Rust is pretty antithetical to resume-driven development because a lot of the stuff that's written in Rust is too well-written and free of the usual kinds of software defects. It immediately becomes "done" and enters low-effort maintenance mode, there's just very little reason to get involved with it anymore since "it just works". Believe it or not, this whole dynamic is behind a lot of the complaints about Rust in the workplace. It's literally making things too easy.
I have to say that the median crate I interact with has the following readme:
" Version 0.2 - Unstable/buggy/slow unless you use exactly like the example - not going to get updated because I moved on to something else"
Rust is another programming language. It's easier to write code without a certain class of bugs, but that doesn't mean version 0.2 of a casual project is going to be bug-free.

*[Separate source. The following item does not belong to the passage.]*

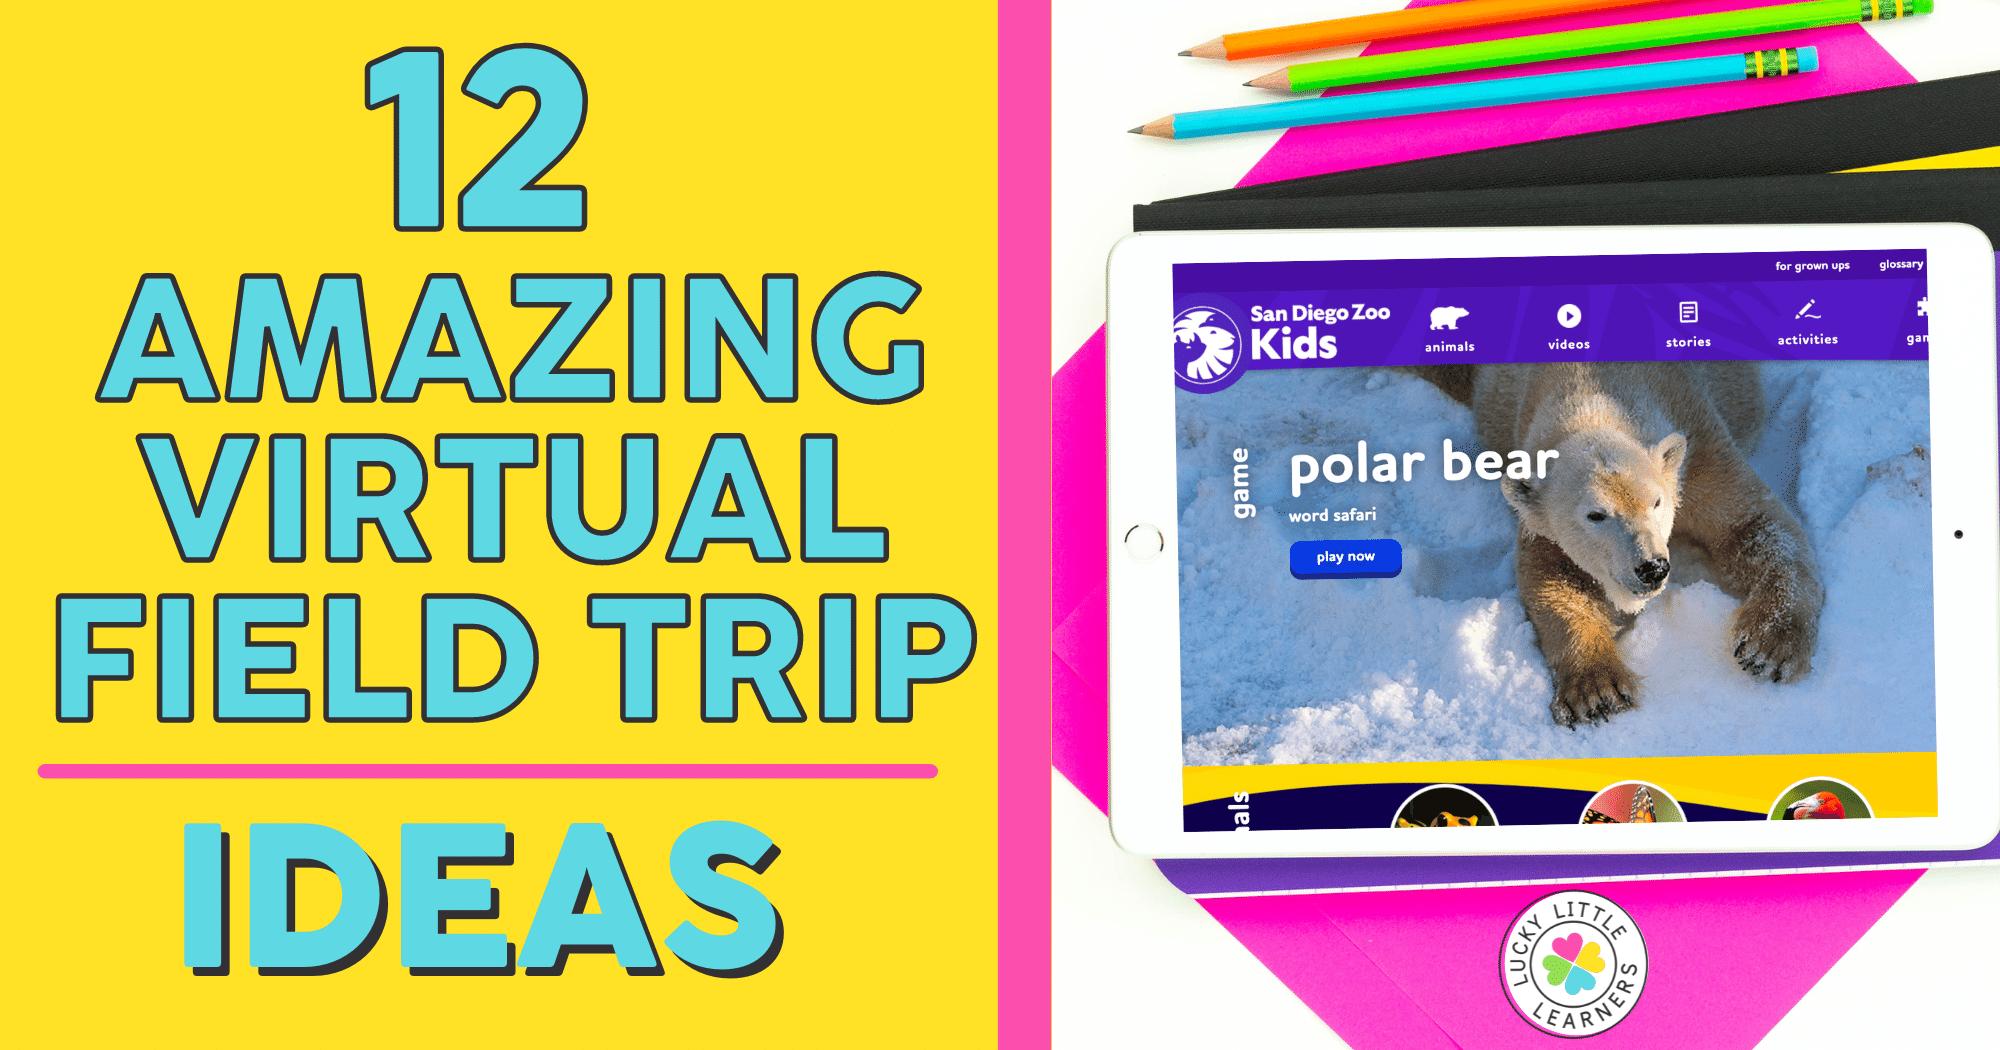 12 Amazing Virtual Field Trip Ideas

It’s not that I don’t believe you, hut that I’m having trouble seeing how what you say could be true.
Rust projects immediately become “done”??? They don’t also having changing requirements and dependencies? Why aren’t everyone at the best shops using it for everything if it massively eliminates work load?
It's like a perl script you wrote on acid. It's done because you cannot enter that mindspace anymore and the code you created is like the output of an encrypted password with no path back.

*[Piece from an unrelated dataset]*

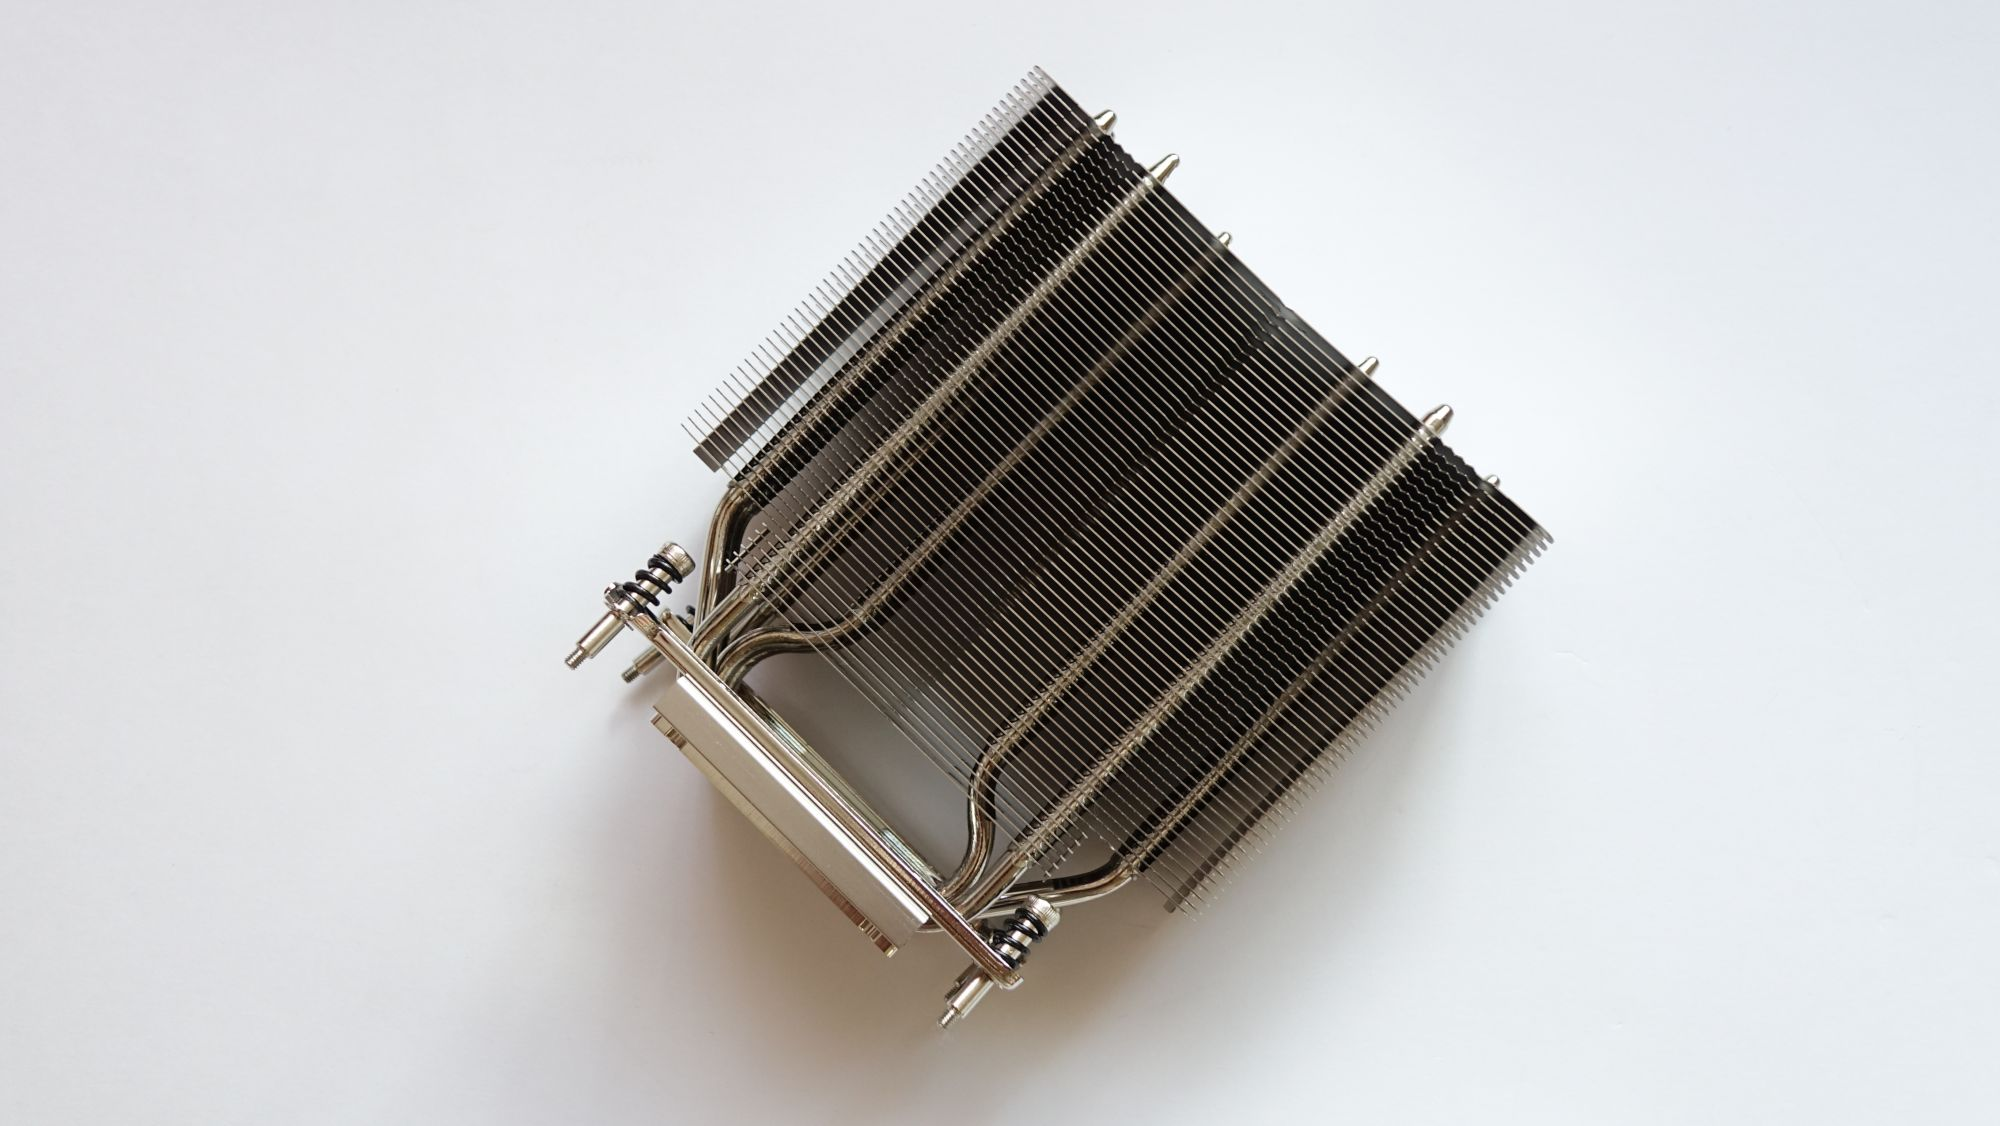 NH-U14S TR4-SP3 радиатор

Are you saying that Rust is always the right choice for any problem? If not what’s the link between the merits of any technology and the guarantee that the selection was not resume driven?
What a load of BS. Even if initial time saving was true because of "no bugs feature" and it is not. Any software product that serves real business needs usually constantly evolves. Most of the time is spent on planning new features and integrating those into existing architecture.
Yup. It's easy to write a to-do app. What is hard is 10 years later of features and needing to add more. While also dealing with the architecture short sightedness and pitfalls. Anyone who has worked on legacy software knows, at some point, all architectural decisions eventually become architectural pitfalls, primarily because requirements and customers change. It becomes a point where, its not really the code that's the issue, its design and customers' changing requirements.